◆ THE TASK:
Among the entries below, find every line that has "with" and pull it out.

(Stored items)

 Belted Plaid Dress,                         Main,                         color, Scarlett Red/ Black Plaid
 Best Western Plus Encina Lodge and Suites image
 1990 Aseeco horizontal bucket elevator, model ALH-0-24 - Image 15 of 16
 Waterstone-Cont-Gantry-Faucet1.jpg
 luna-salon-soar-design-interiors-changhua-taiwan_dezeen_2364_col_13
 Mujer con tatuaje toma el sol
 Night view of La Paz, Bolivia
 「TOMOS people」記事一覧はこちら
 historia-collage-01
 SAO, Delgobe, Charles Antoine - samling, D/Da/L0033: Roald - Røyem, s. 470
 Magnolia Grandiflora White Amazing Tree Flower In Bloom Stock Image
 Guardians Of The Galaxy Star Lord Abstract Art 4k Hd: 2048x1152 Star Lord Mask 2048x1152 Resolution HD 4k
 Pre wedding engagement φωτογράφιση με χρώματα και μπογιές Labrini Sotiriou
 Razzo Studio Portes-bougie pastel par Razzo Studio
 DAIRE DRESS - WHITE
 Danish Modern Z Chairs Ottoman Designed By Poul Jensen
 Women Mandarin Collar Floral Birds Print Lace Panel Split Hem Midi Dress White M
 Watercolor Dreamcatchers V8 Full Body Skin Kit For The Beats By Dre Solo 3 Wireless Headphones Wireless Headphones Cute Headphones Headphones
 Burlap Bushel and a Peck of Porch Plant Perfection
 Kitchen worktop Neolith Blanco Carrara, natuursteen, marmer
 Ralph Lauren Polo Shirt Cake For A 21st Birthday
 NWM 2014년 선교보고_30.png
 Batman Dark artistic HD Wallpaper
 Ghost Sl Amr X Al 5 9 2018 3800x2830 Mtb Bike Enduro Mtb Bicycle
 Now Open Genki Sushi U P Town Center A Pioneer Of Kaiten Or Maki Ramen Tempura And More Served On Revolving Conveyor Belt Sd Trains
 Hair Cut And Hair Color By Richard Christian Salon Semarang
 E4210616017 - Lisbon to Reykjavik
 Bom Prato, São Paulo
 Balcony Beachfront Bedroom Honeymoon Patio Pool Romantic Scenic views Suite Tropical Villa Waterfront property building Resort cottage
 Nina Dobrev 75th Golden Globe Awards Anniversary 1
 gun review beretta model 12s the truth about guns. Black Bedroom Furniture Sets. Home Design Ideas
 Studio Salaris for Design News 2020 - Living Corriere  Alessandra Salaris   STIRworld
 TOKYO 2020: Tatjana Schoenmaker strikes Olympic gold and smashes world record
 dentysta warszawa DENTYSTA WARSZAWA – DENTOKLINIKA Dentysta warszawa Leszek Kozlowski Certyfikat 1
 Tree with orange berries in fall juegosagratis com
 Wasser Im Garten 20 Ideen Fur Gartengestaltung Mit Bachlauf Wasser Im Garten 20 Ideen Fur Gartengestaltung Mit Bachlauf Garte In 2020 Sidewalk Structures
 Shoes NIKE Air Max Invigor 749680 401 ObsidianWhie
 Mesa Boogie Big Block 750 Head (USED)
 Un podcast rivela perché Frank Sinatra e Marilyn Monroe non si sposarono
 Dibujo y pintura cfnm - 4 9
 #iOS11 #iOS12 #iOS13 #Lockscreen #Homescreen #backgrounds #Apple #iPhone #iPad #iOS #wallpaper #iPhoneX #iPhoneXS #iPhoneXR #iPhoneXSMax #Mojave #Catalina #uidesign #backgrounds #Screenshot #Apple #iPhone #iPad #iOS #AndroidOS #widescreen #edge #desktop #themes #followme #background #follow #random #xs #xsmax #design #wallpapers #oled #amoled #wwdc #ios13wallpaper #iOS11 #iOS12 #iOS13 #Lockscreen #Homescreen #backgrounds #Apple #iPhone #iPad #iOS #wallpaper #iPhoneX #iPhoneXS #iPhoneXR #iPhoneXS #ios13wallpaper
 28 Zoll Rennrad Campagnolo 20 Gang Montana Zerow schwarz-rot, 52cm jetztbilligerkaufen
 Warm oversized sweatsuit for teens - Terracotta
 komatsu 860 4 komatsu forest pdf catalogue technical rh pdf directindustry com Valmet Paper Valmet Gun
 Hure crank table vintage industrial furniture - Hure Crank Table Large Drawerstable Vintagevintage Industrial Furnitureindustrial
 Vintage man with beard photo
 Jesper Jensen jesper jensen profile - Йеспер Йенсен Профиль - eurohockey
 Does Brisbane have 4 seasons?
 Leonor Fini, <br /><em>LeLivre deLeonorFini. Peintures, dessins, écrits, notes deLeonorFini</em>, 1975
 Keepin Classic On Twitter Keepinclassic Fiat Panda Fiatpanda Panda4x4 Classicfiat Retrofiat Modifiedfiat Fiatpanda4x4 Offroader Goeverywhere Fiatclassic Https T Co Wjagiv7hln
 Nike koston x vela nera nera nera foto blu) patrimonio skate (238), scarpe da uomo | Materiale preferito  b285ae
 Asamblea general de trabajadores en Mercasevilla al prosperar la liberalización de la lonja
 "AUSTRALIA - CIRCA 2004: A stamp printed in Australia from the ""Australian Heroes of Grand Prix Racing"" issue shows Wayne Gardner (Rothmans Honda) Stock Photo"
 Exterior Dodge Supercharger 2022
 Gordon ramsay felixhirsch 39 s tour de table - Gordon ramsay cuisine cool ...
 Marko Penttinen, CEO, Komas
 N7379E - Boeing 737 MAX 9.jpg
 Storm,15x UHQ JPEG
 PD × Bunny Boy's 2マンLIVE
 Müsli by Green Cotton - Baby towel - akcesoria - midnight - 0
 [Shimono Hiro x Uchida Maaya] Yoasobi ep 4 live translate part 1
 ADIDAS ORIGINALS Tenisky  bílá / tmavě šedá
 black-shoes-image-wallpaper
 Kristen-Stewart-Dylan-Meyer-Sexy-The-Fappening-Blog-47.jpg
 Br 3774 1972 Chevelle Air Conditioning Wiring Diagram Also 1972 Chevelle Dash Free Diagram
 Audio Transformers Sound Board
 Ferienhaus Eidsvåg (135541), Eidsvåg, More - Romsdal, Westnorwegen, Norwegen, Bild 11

◆ TASK OUTPUT:
 Tree with orange berries in fall juegosagratis com
 Vintage man with beard photo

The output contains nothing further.